HP Makes webOS Open Source: Can it Survive?
On December 9, 2011 Hewlett-Packard announced it would contribute webOS to the open source community. HP will continue to support webOS but other hardware vendors will be free to use it within their smartphones and tablets.
What is webOS?
Introduced at CES 2009, webOS is a Linux-based successor to Palm OS. Built from the ground-up, the operating system supports multi-touch, multi-tasking and cloud synchronization. The platform also offers exciting opportunities to web developers: native apps can be developed using HTML5, CSS and Javascript and released though the App Catalog or from any website.
The first device to use webOS was the Palm Pre followed shortly after by the Pixi. Reviews were mostly positive but the early handsets suffered build-quality problems. A relatively high price and lack of apps led to modest sales. Although Palm released free developer tools and documentation, few programmers were prepared to write software for a niche platform.
In April 2010, HP acquired the failing Palm company for $1.2 billion. HP had ambitious plans for webOS: it would appear in smartphones, tablets, printers and as a fast dual-boot option on Windows PCs.
The webOS-powered HP TouchPad was launched in July 2011. Reviews were mixed, sales were poor and — just seven weeks later — HP announced that it would discontinue all current hardware running webOS. 500 people were cut from the webOS division and its future was in doubt.
Where Did It Go Wrong?
HP recognized that webOS faced tough competition from iOS and Android devices. A seven week trial period seems incredibly short, but HP was already late to the smartphone party and would have needed to spend millions on marketing to dent the established players.
HP is also a Microsoft partner. WebOS would have undoubtedly damaged their relationship and was it redundant following Microsoft’s smartphone and fast-booting Windows 8 projects?
Can webOS Survive?
webOS is a great platform with potential. It doesn’t have the vendor lock-in of Apple and Microsoft products or the fragmentation encountered by Android developers.
Cynics will point out that Nokia gave Symbian to the open source community but it failed to gain traction. However, unlike Symbian, webOS is a more modern OS with good development tools and documentation.
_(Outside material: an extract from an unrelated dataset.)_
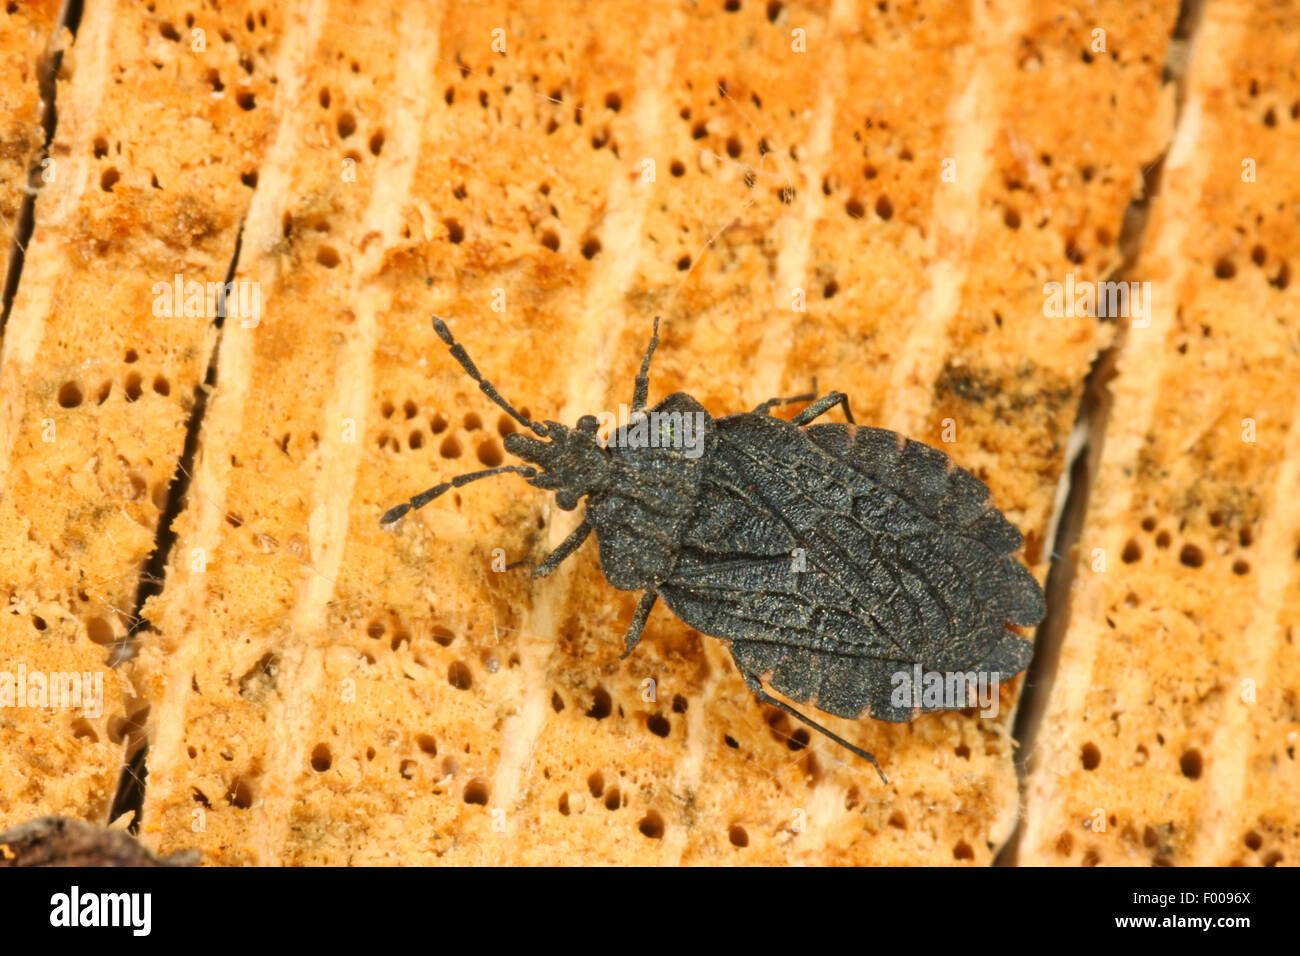 Flatbug (Aradus aterrimus), Austria Stock Photo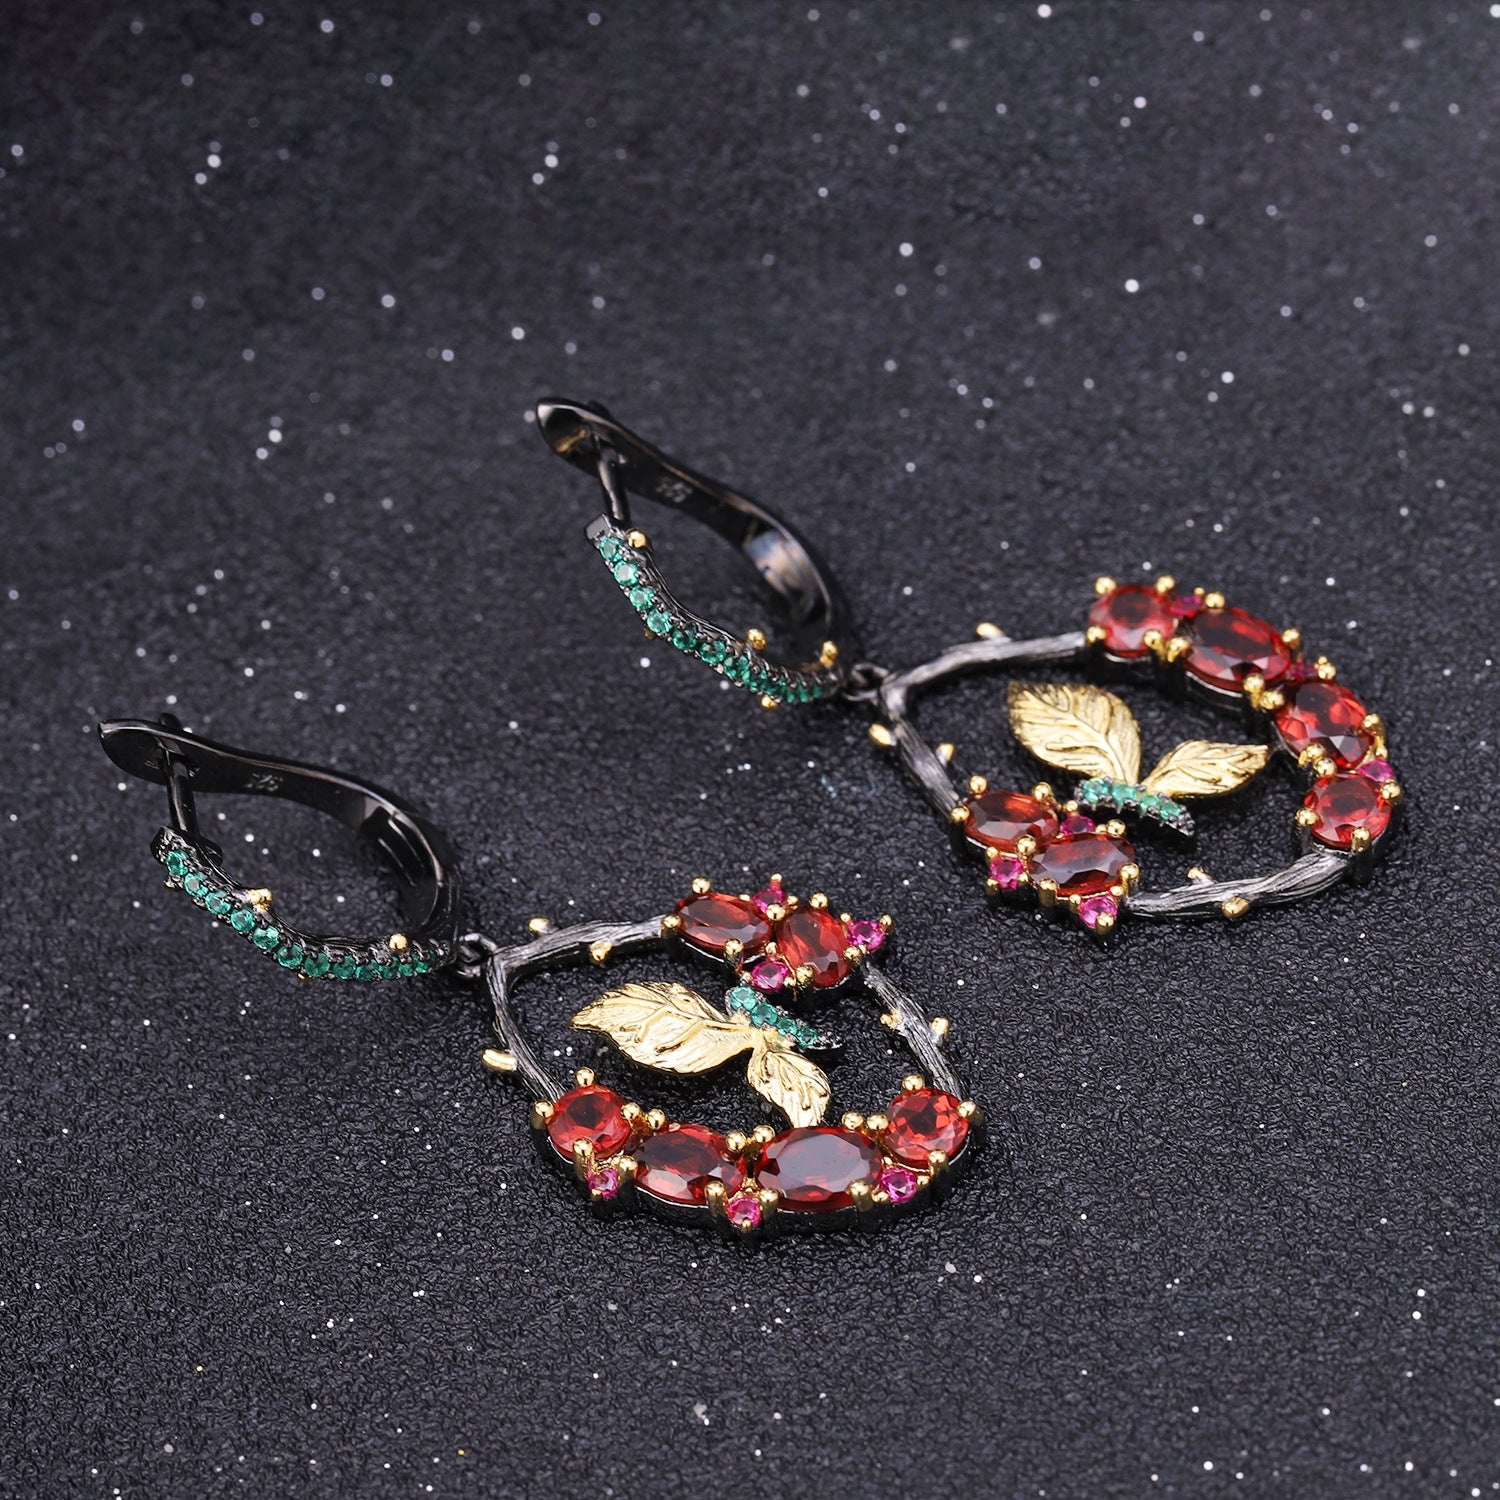 Butterfly Design s925 Sterling Silver Drop Earrings for Women

Smartphone vendors are certain to consider it as a viable alternative to Android especially if they can attract third-party application developers.
I have a single reservation. Why would web developers choose to create native HTML5 webOS apps when a standard HTML5 web app would work on most modern devices? The advantages of native app development reduces every week: HTML5 games can be fast and integration APIs for geolocation, cameras, address books etc. are increasingly available.
Perhaps webOS has a chance if vendors position it as the best smartphone and tablet platform for running standard HTML5 web applications?